What about your modern PC? PCs in 2020 are all 64-bit, right? What does that mean? If we look at the Intel i9-10980XE CPU, launched not long before this article was originally written, it can address up to 256GB of RAM across 4 memory channels. That's a 38-bit address space. But the data bus? 64-bit.

This is a surprise to a lot of people, as the now defunct 32-bit PC CPUs could only address 4GB of RAM at a time, which makes sense, as that's the largest possible memory capacity for a 32-bit address space. But we've already identified (many times over) that the address space is not what we're talking about when we talk about a CPUs bits. If it was, then the latest Intel desktop CPUs would be considered 38-bit, not 64-bit.

What about a modern Intel CPUs instruction set? Well, because of backwards compatibility, they support 16, 32 and 64-bit instructions. And the registers?
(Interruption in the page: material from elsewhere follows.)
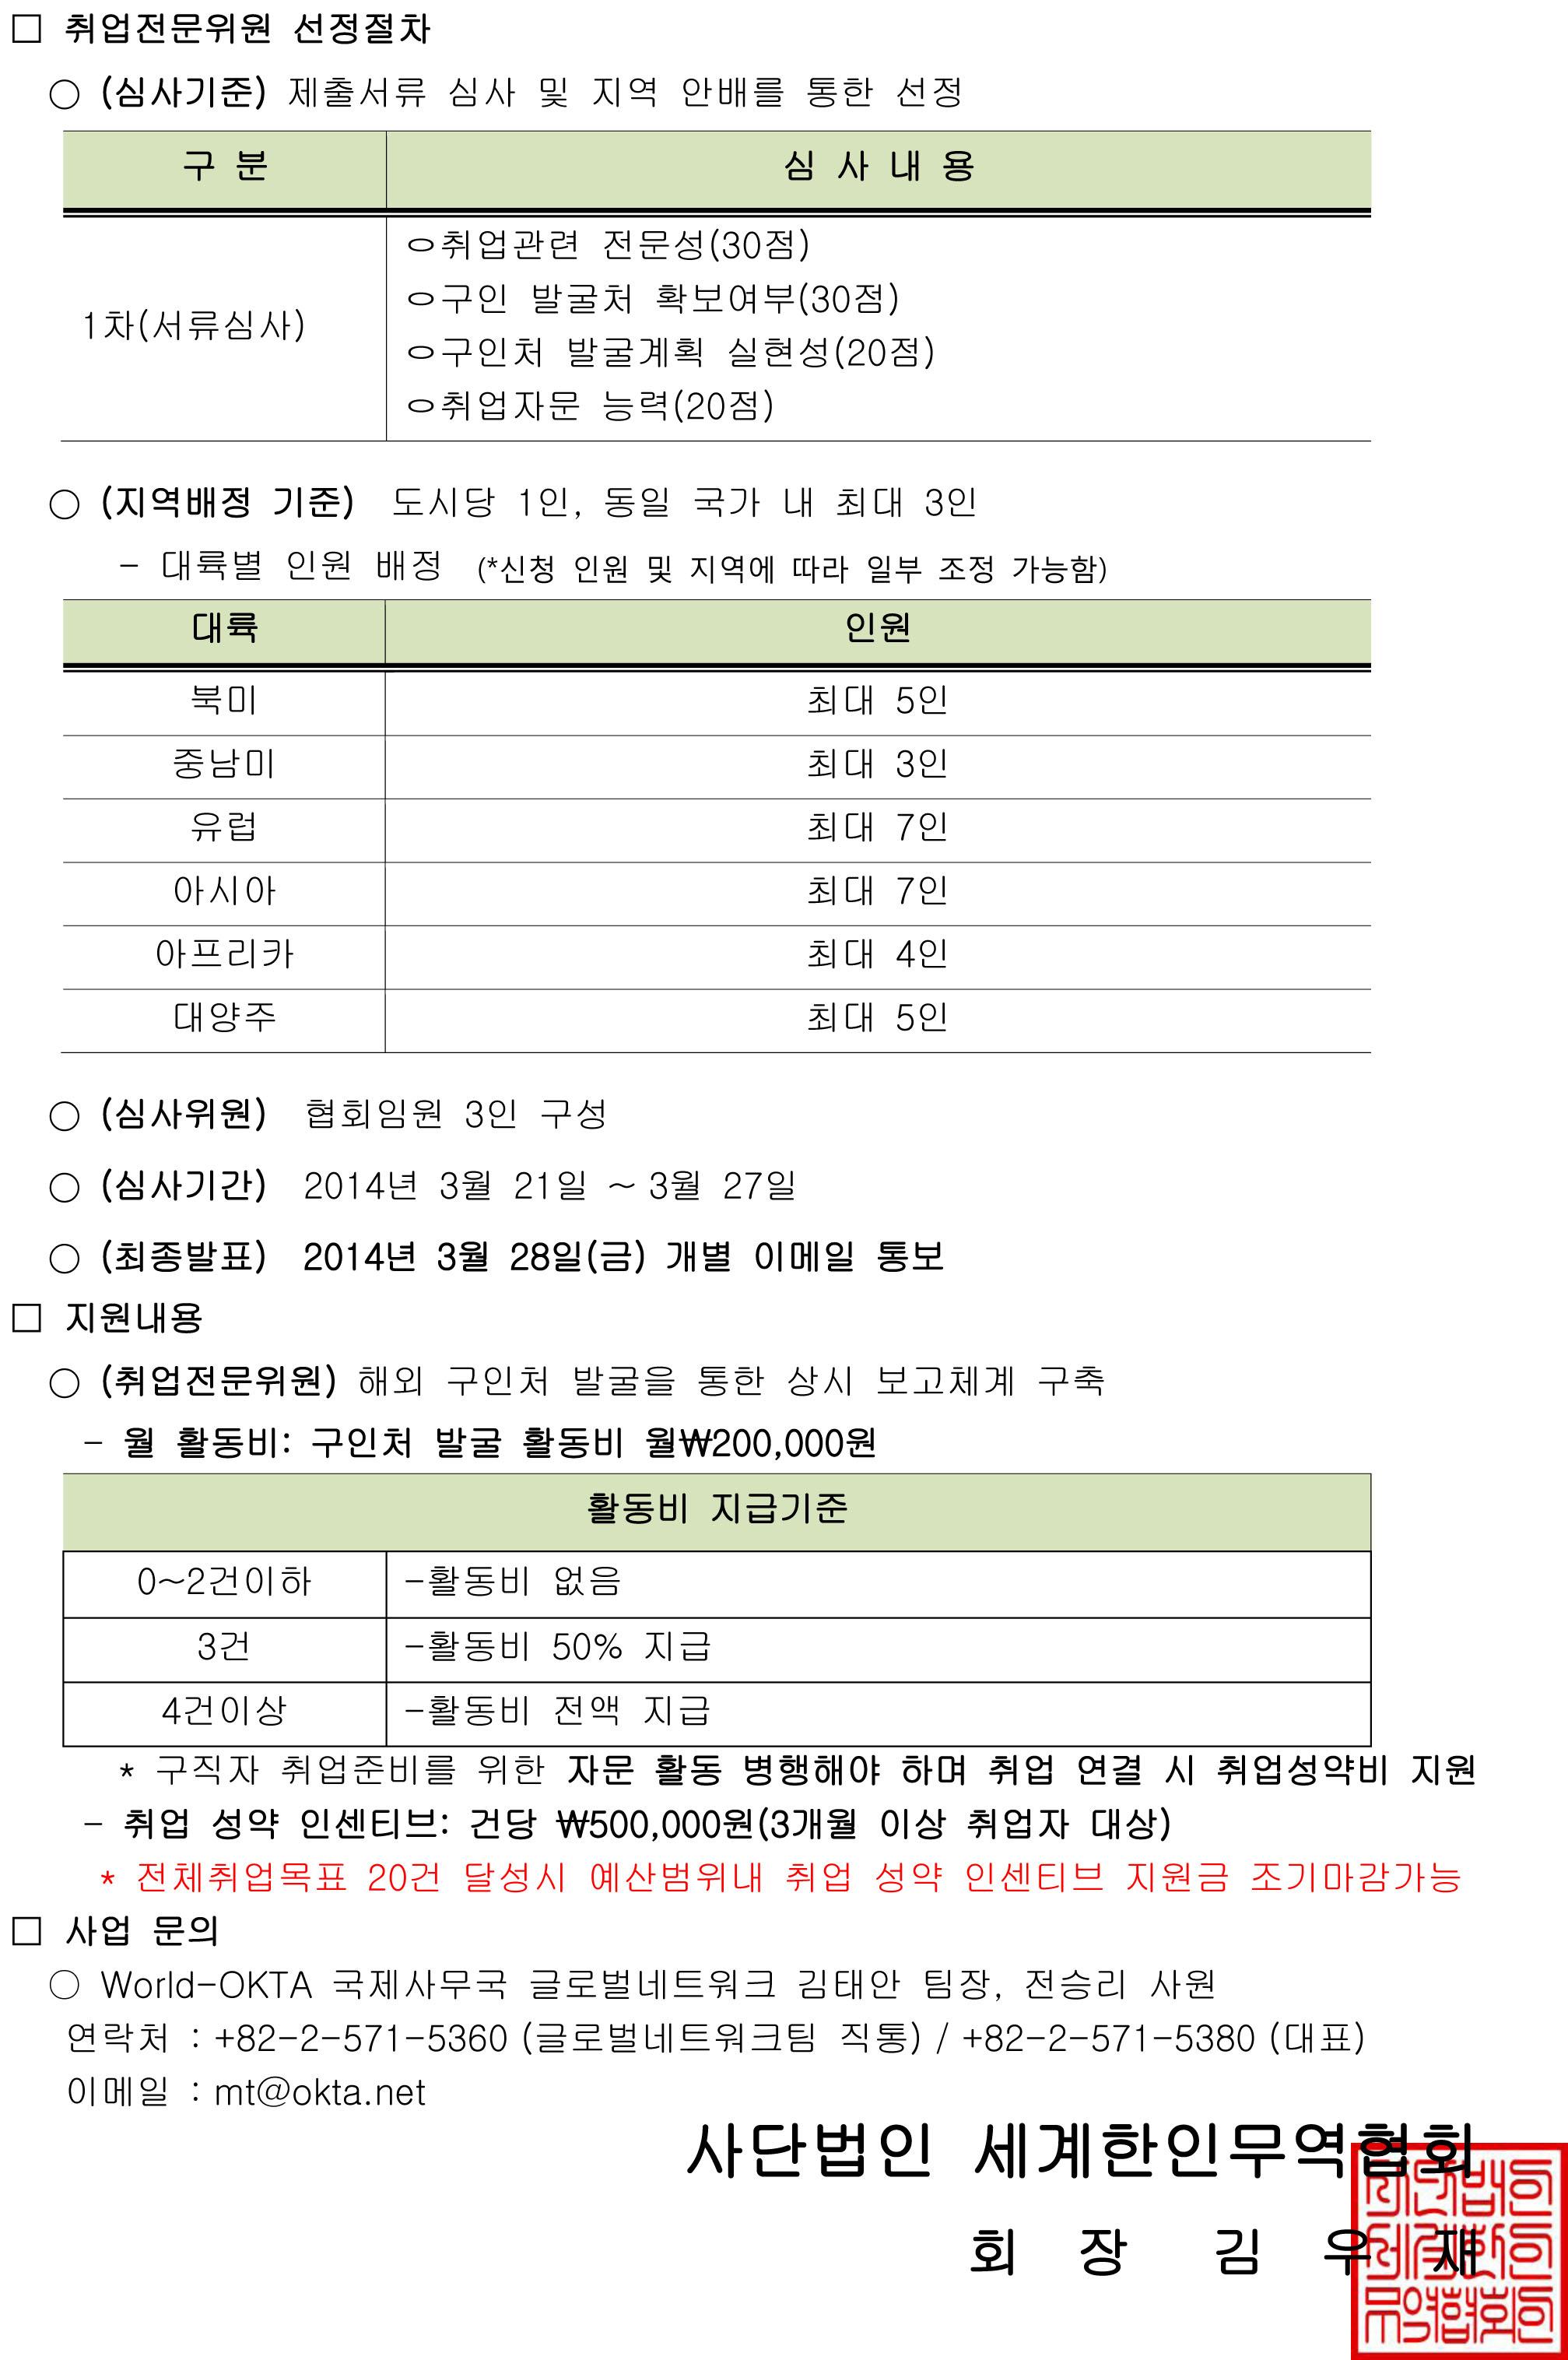 17-133_2014 해외취업지원사업 취업전문위원 모집에 관한 건-2.jpg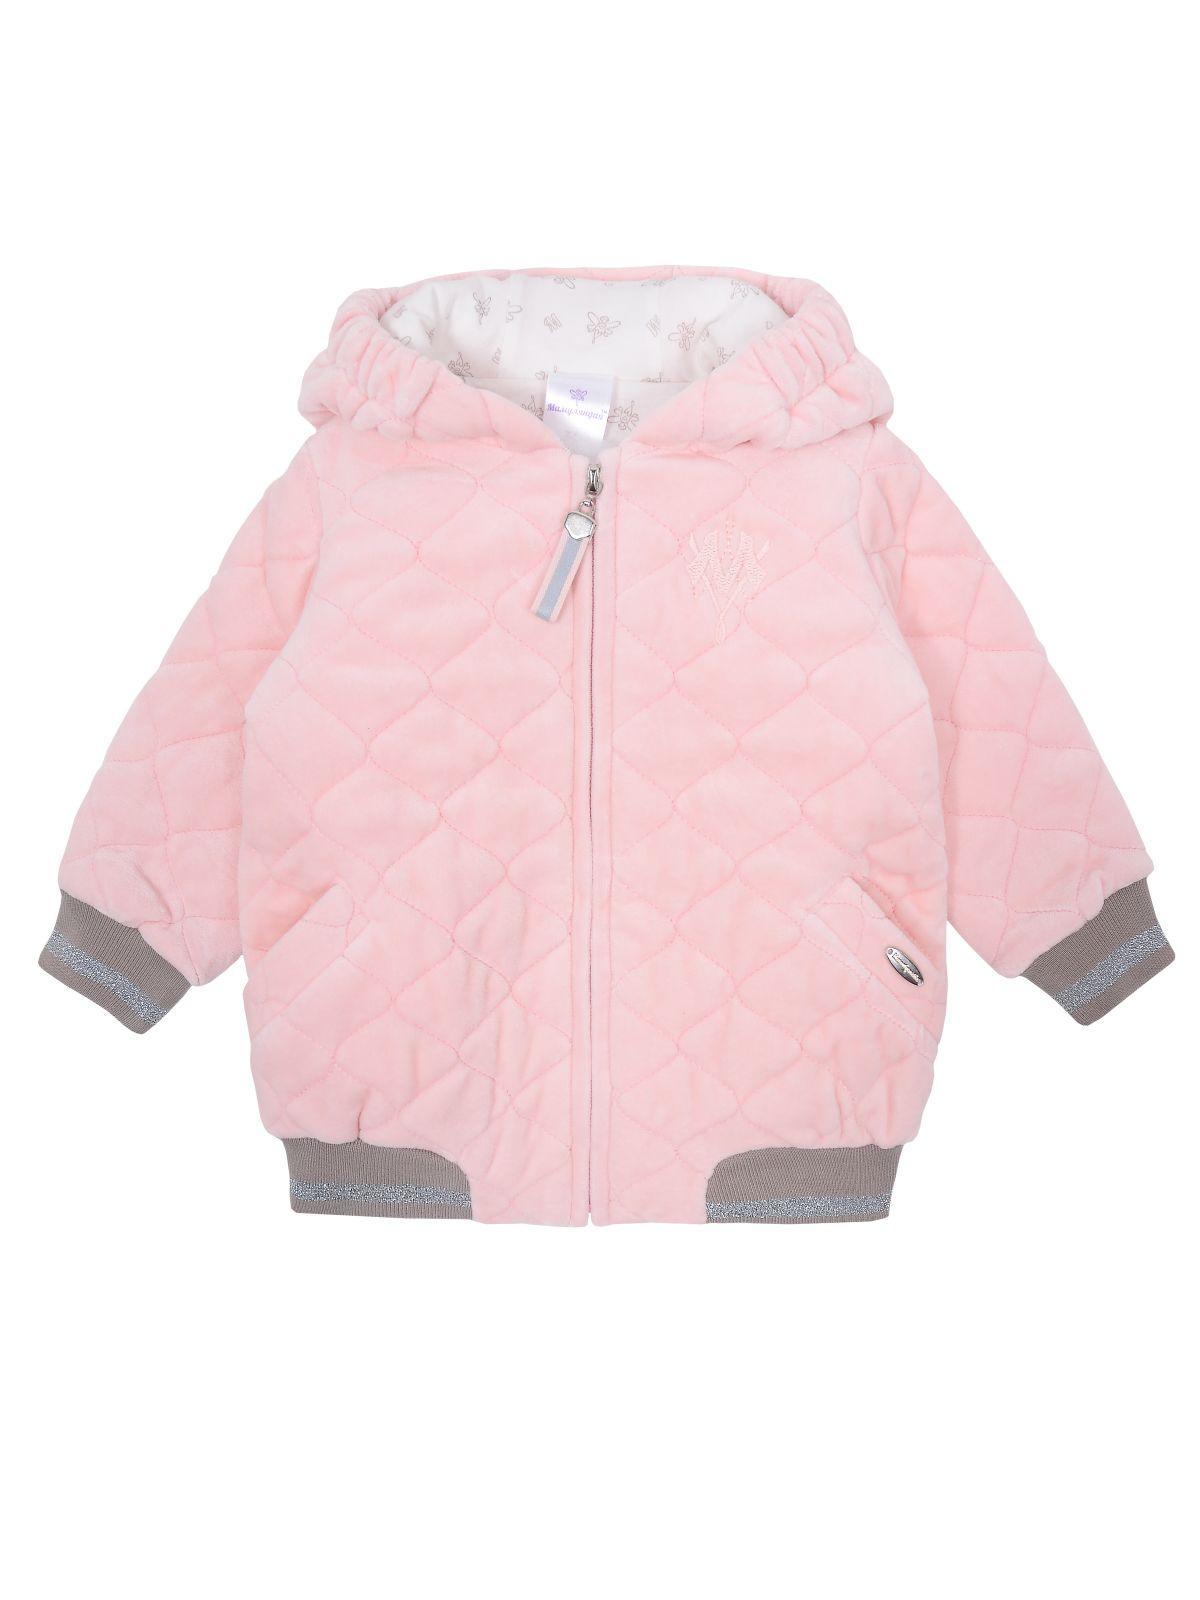 Куртка для девочки Мамуляндия 19-508, Велюр, Розовый р. 80

Again, for backwards compatibility, these CPUs have 16, 32 and 64-bit registers. Not only that, but they also have some 80-bit x87 registers for floating point operations, and 128-bit SSE registers. And that's just the CPU. Do you want to get into the PCI-Express bus? Or maybe your GPU?

The point is that it really doesn't matter.

If you compare the Jaguar to its 32-bit contemporaries, the Sony Playstation and Sega Saturn, it looks decidedly weak. Likewise, compare it to the Nintendo 64, and it looks vastly inferior. We haven't even compared it to modern machines like the Playstation 4, or Xbox One, which both employ 64-bit processors from AMD. It just doesn't mean anything when you're trying to work out how powerful a console is.

So yes, it's a 64-bit machine. It's also not a 64-bit machine. It's also a meaningless thing that some marketing people latched on to, similar to Sega and their Blast Processing hype around the Megadrive. Nobody can agree on what actually makes any given machine a specific bit, especially as computer architectures are complicated.

And really, I wrote this up because it's 2020 and people are STILL arguing about the Jaguar and this marketing, 27 years after it was launched.

So, that brings us to the end. I hope you've learned a little about how computers work, and what does (and doesn't) make a system a particular bit.

And remember, do the math, and nobody in their right mind actually cares if a console is 8, 16, 32 or 64-bit. It's all about the games, and the systems that I like best are clearly the best.